Прочнов раскрыл папку и передал О’Грейди несколько эскизов.
— Это более поздние, — пояснил он, — написаны за последние месяцы.
Маленький О’Грейди выхватил у него рисунки, некоторое время жадно рассматривал их и вдруг загорелся. Его восторг зажег и Прочнова.

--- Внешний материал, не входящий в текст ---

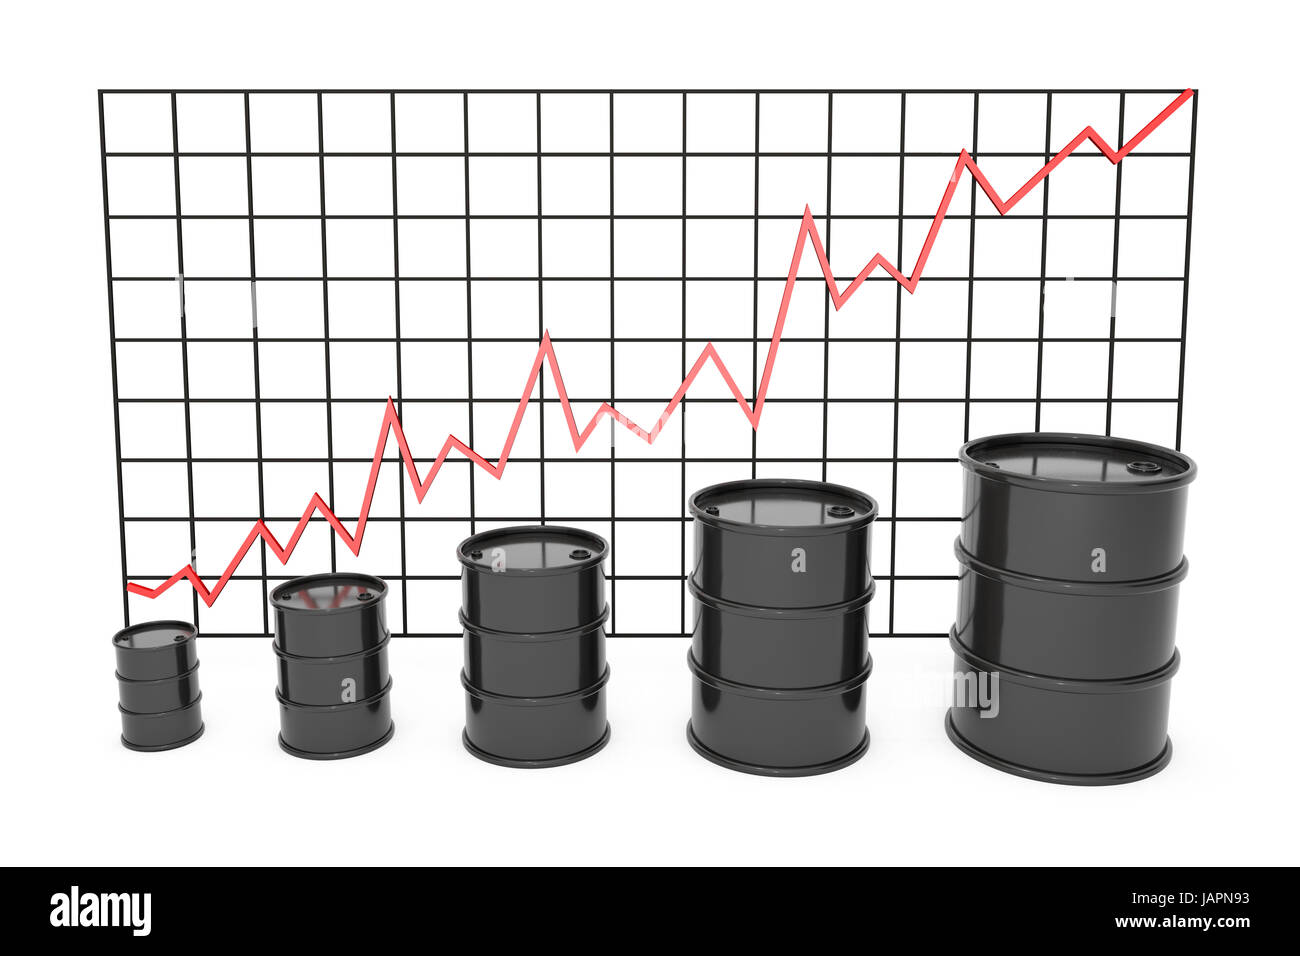 Oil Stock Chart

— Фью! — присвистнул Маленький О’Грейди. — Вот это работенка! — В его голосе не было ни нотки зависти. — Ты просто чудо! — Он выхватил из рук Прочнова еще несколько рисунков. — Нет, вот этот, да-да...
О’Грейди отбросил эскиз и всплеснул руками. Потом он повалился на кровать и задрал ноги. Затем вскочил и произнес перед Игнасом Прочновым пламенную речь, в которой высоко оценил его достоинства как мыслителя и как художника, после чего, сгорая от желания распространить новость о чудесной «находке» под крышей «Крольчатника», ринулся вниз по лестнице, чтобы сообщить о своем открытии Фестусу Гоуэну.
«Буду через полчаса», — гласила записка, прикрепленная к двери Гоуэна, и Маленький О’Грейди круто повернул обратно и ворвался к Мордрету.
Мордрет задумчиво сидел перед наполовину законченным портретом пожилого крестьянина. Вокруг него были разложены старомодные очки в золотой оправе, конверт с прядью седых волос, несколько выцветших фотографий, эстамп из книги «Первые поселенцы в Иллинойсе». По его расчетам, именно эти аксессуары должны были придать портрету достоверность и понравиться ныне здравствующим правнукам иллинойских поселенцев.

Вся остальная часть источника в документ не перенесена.